広島藩主・浅野家の菩提寺で“広島藩5ヶ寺”の一つにも挙げられた寺院に江戸時代初期に作庭された庭園の遺構。広島市指定史跡。
旧国泰寺愛宕池について
「旧国泰寺愛宕池」(きゅうこくたいじあたごいけ)は広島市の中心部“平和大通り”沿いにある庭園の遺構。広島市指定史跡。
広島の繁華街や平和大橋からも徒歩5分程の交差点の脇に、現在は枯池の庭園遺構が残ります。
元々この場所には桃山時代の1594年(文禄3年)に豊臣秀吉や毛利輝元にも重用された禅僧・恵瓊に創建された曹洞宗の寺院『国泰寺』がありました(創建当初は臨済宗・安国寺)。江戸時代には広島藩主・浅野家の菩提寺に。
全盛期には多くの末寺を持ち“広島藩5ヶ寺”の一つにも挙げられた国泰寺ですが、1945年(昭和20年)の原爆投下により全壊。その後は一度元の場所に再建されますが、昭和中期に広島市内の開発に伴い移転。
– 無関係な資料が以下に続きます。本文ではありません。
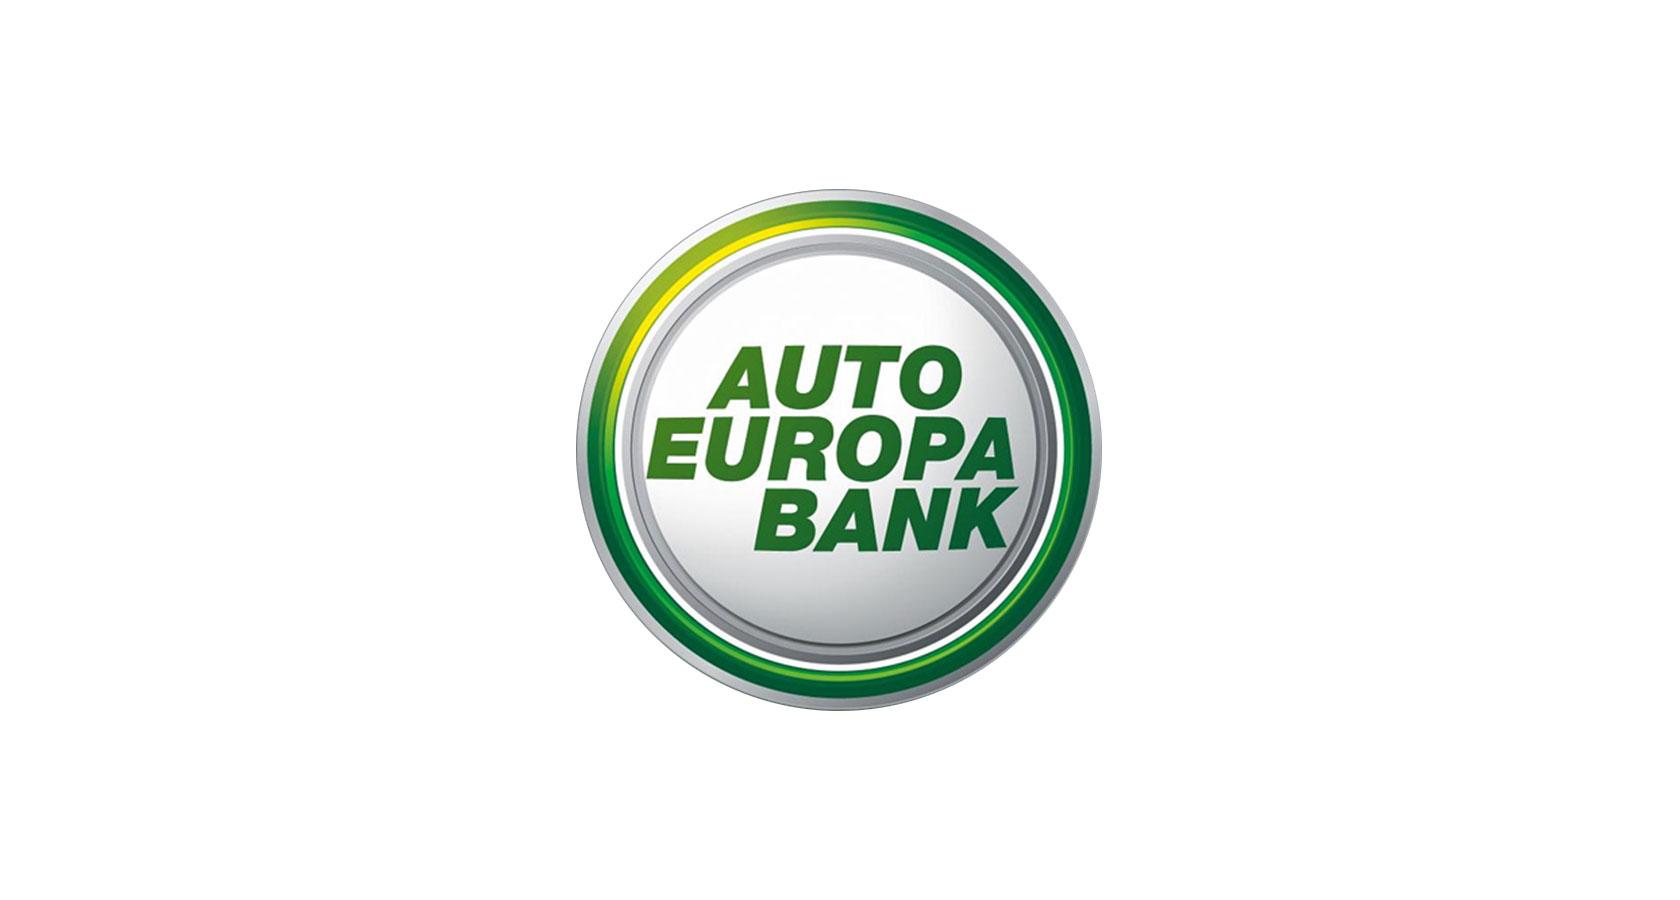 Logo der AutoEuropa Bank

現在この場所には“愛宕池”のみが残ります。
江戸時代初期には作庭されていたこの庭園は巨石による石組や石橋がその特徴。当時はこの場所まで海岸線が伸びていたらしく(平和大通りより南はそれ以降に埋め立てられていった場所)、ANAクラウンプラザホテル広島の前庭~交差点の角にある『白神社』の石組“白神社の岩礁”(こちらも広島市指定史跡及び天然記念物)まで連なっている岩を活かした庭園だったそう。広島の城下町の貴重な遺構。